I want to parse with XmlSlurper a HTML document which I read using HTTPBuilder. Initialy I tried to do it this way:
def response = http.get(path: "index.php", contentType: TEXT)
def slurper = new XmlSlurper()
def xml = slurper.parse(response)
But it produces an exception:
java.io.IOException: Server returned HTTP response code: 503 for URL: http://www.w3.org/TR/xhtml1/DTD/xhtml1-transitional.dtd
I found a workaround to provide cached DTD files.

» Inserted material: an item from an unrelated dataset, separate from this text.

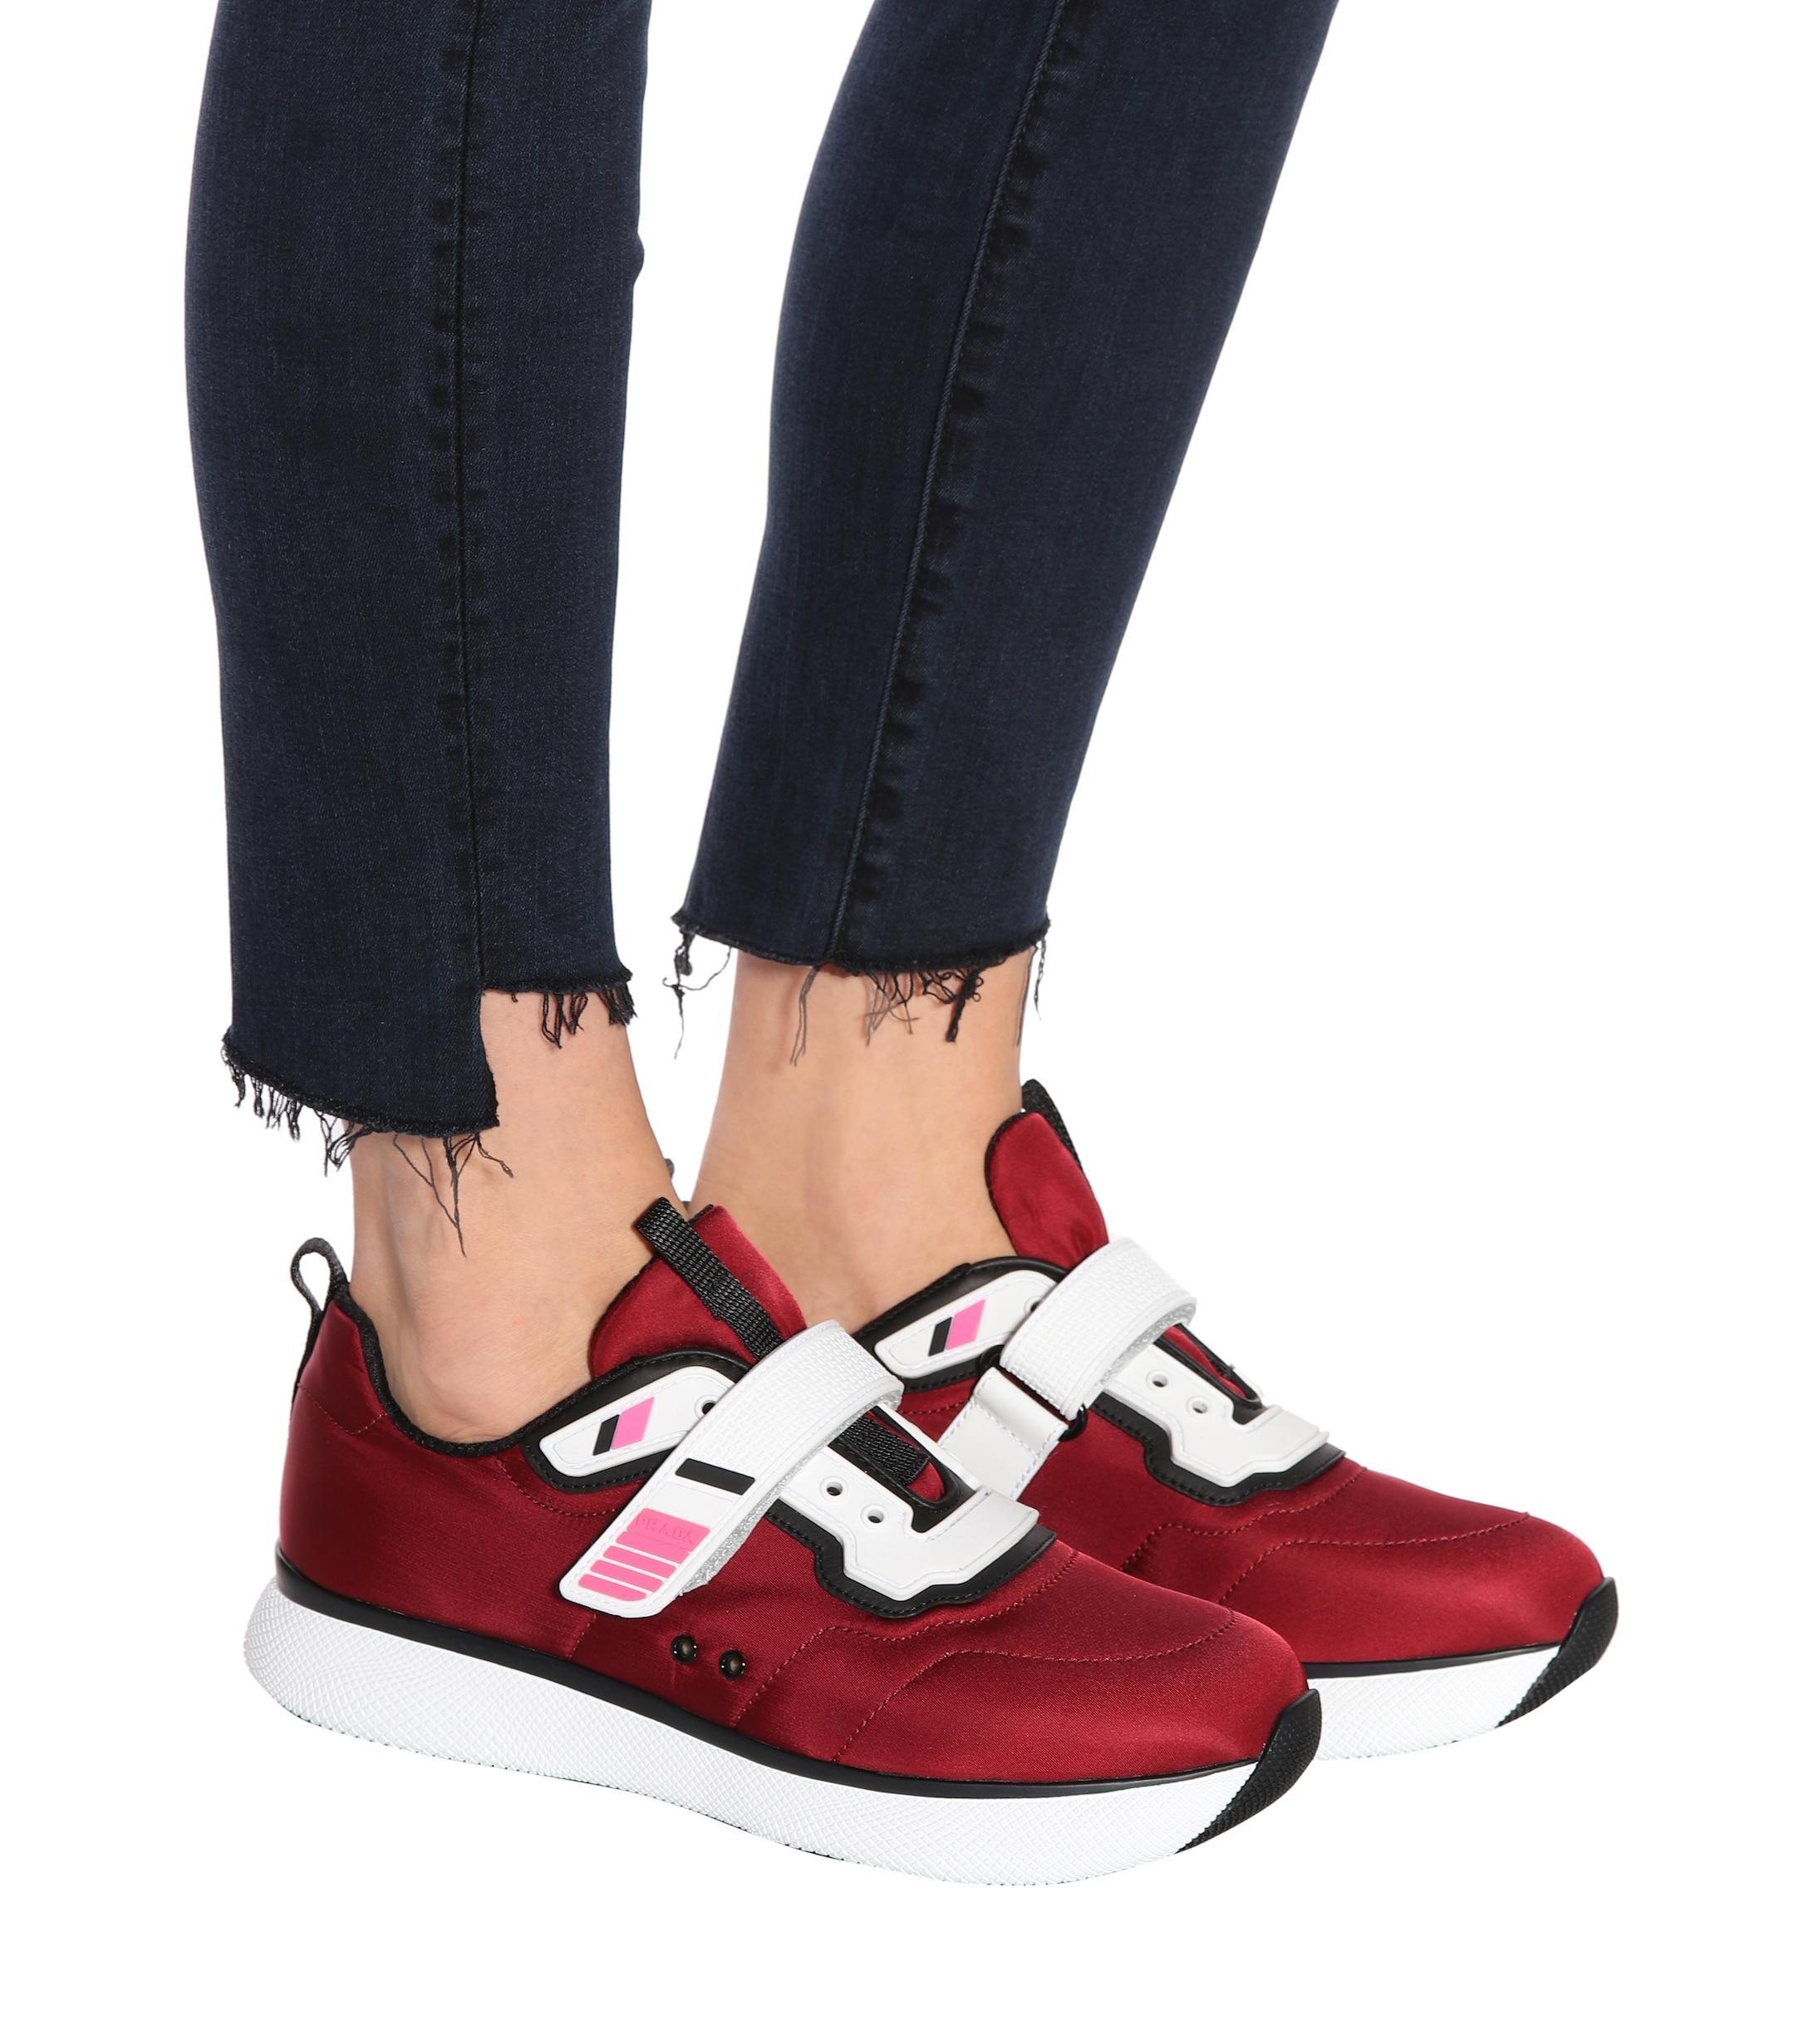 Prada Embellished Sneakers in Red
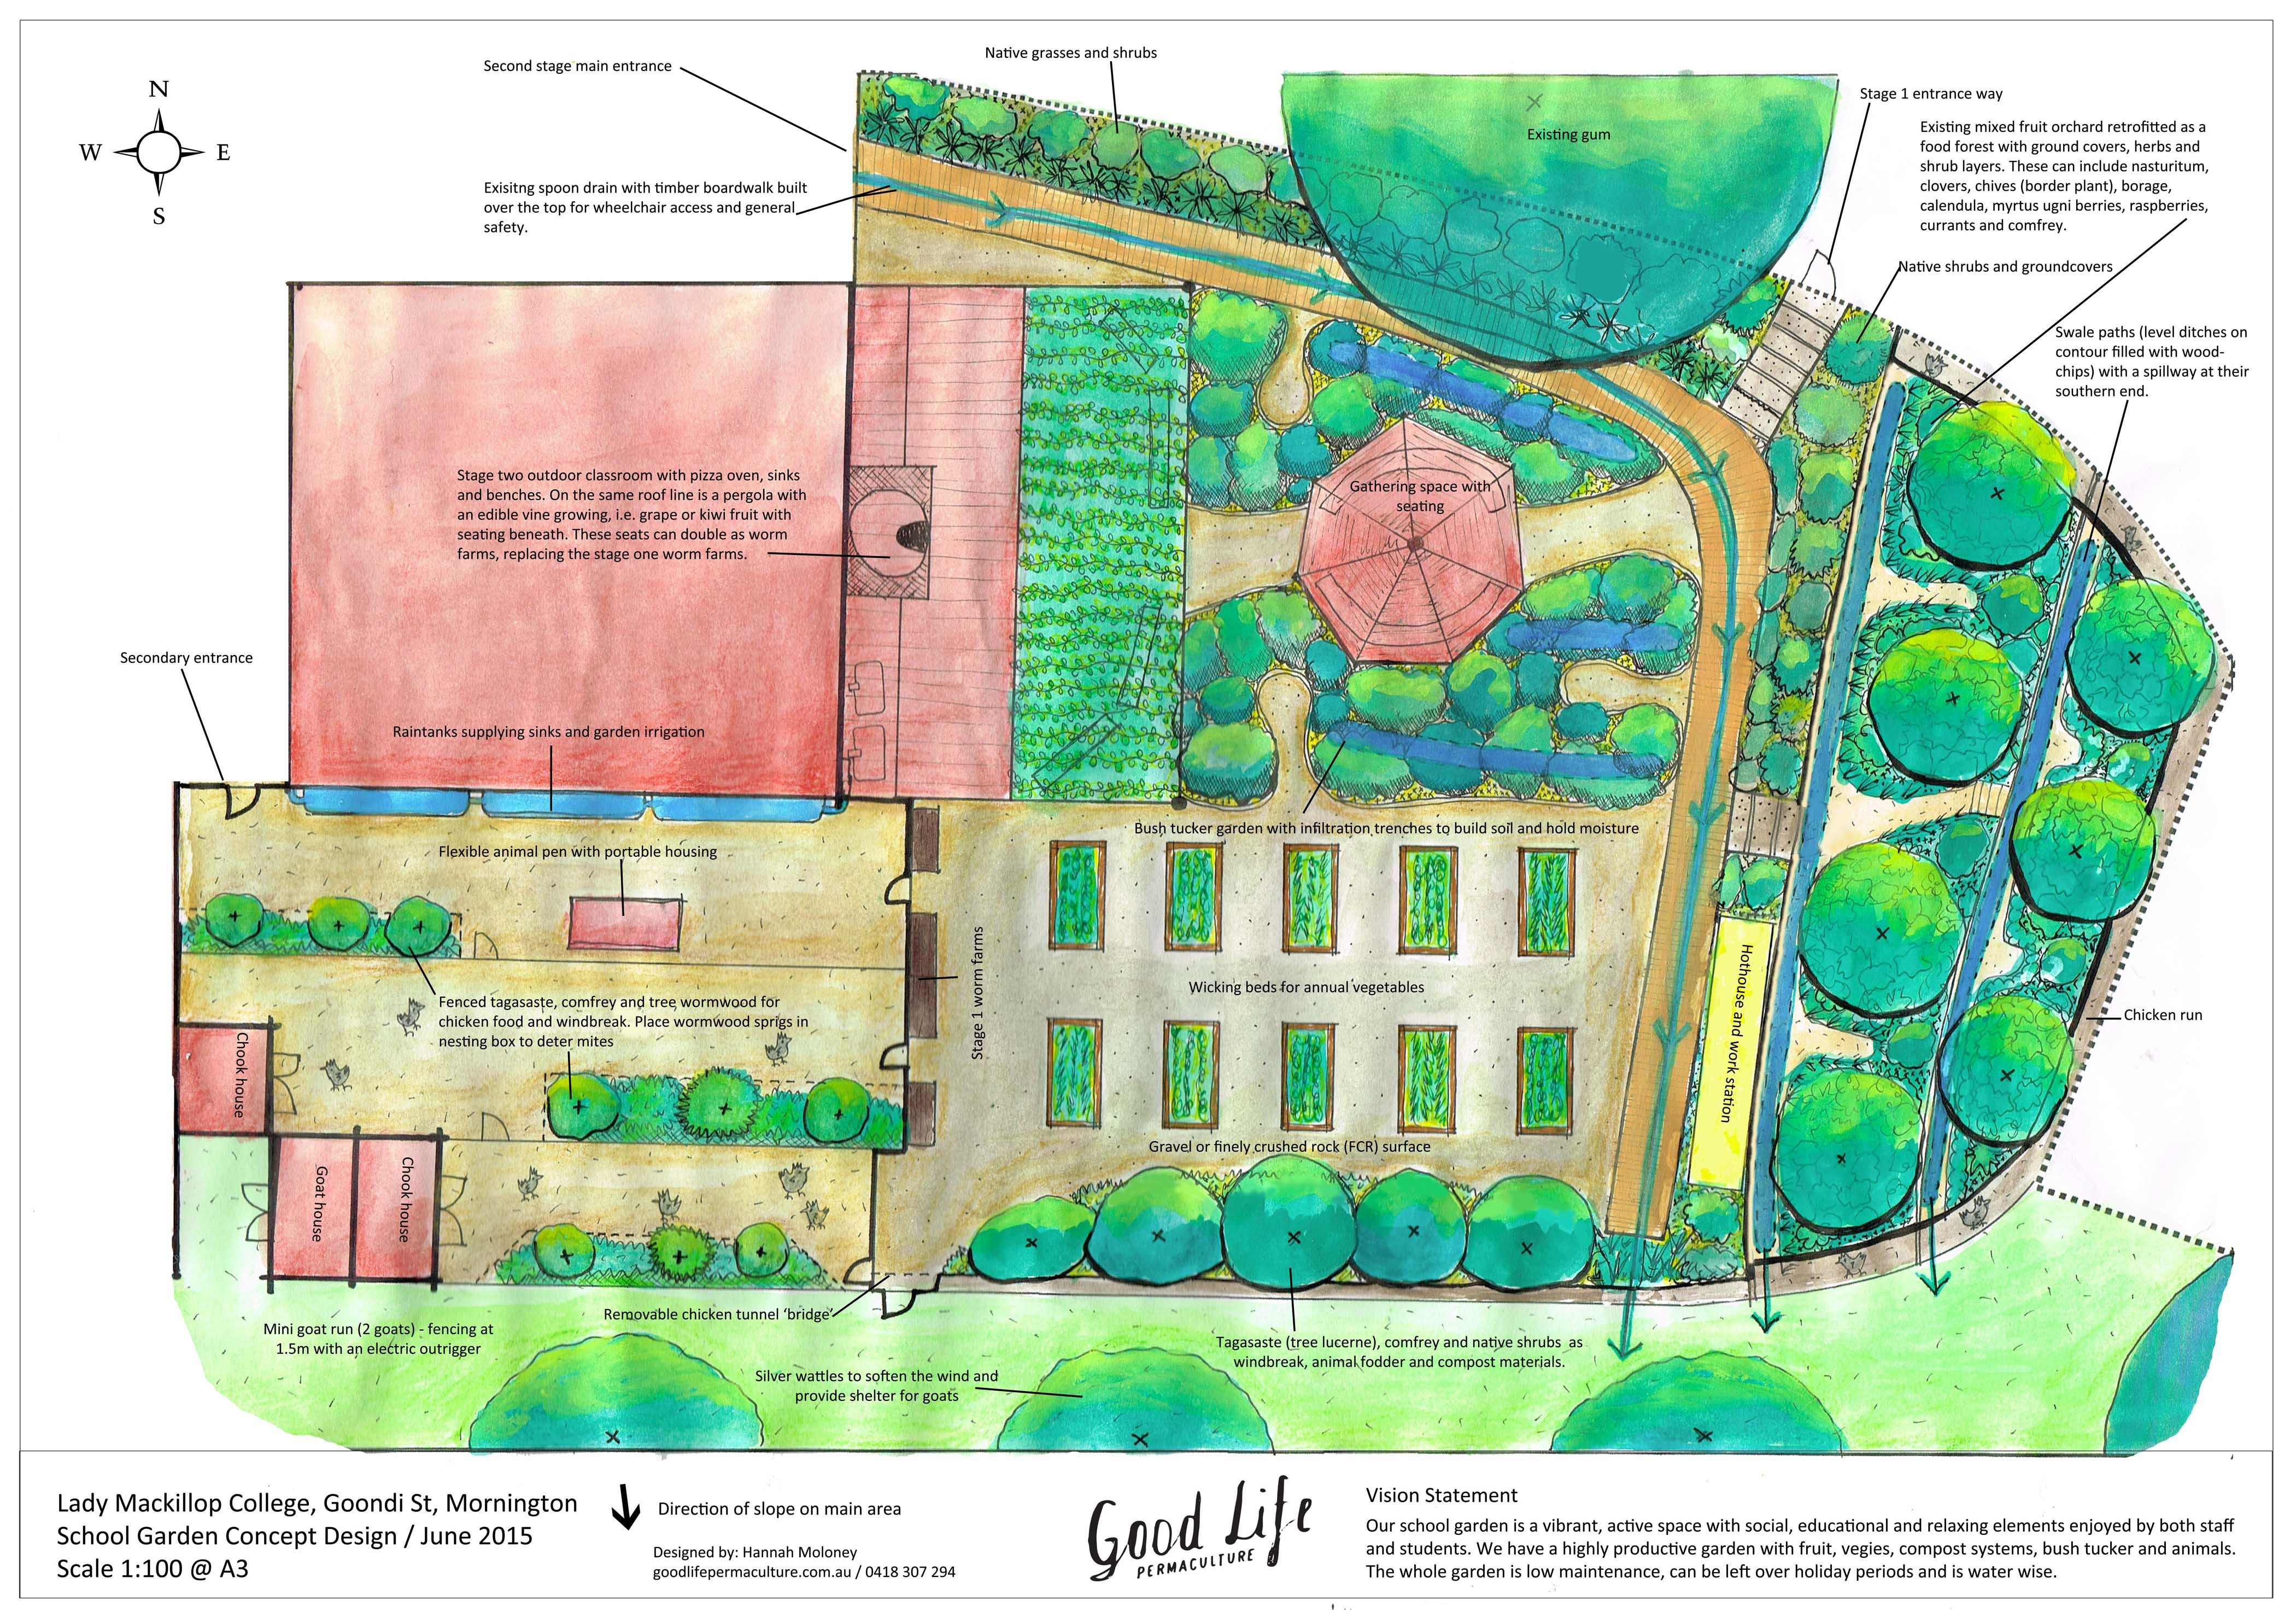 Schoolg 42002970 school garden blueprints pinterest gardens schoolg 42002970 malvernweather Gallery

I found a simple implementation of class which should help here:
class CachedDTD {
/**
* Return DTD 'systemId' as InputSource.
* @param publicId
* @param systemId
* @return InputSource for locally cached DTD.
*/
def static entityResolver = [
resolveEntity: { publicId, systemId ->
try {
String dtd = "dtd/" + systemId.split("/").last()
Logger.getRootLogger().debug "DTD path: ${dtd}"
new org.xml.sax.InputSource(CachedDTD.class.getResourceAsStream(dtd))
} catch (e) {
//e.printStackTrace()
Logger.getRootLogger().fatal "Fatal error", e
null
}
}
] as org.xml.sax.EntityResolver
}
My package tree looks as shown below:
I modified also a little code for parsing response, so it looks like this:
def response = http.get(path: "index.php", contentType: TEXT)
def slurper = new XmlSlurper()
slurper.setEntityResolver(org.yuri.CachedDTD.entityResolver)
def xml = slurper.parse(response)
But now I'm getting java.net.MalformedURLException
. Logged DTD path from CachedDTD entityResolver is org/yuri/dtd/xhtml1-transitional.dtd
and I can't get it working...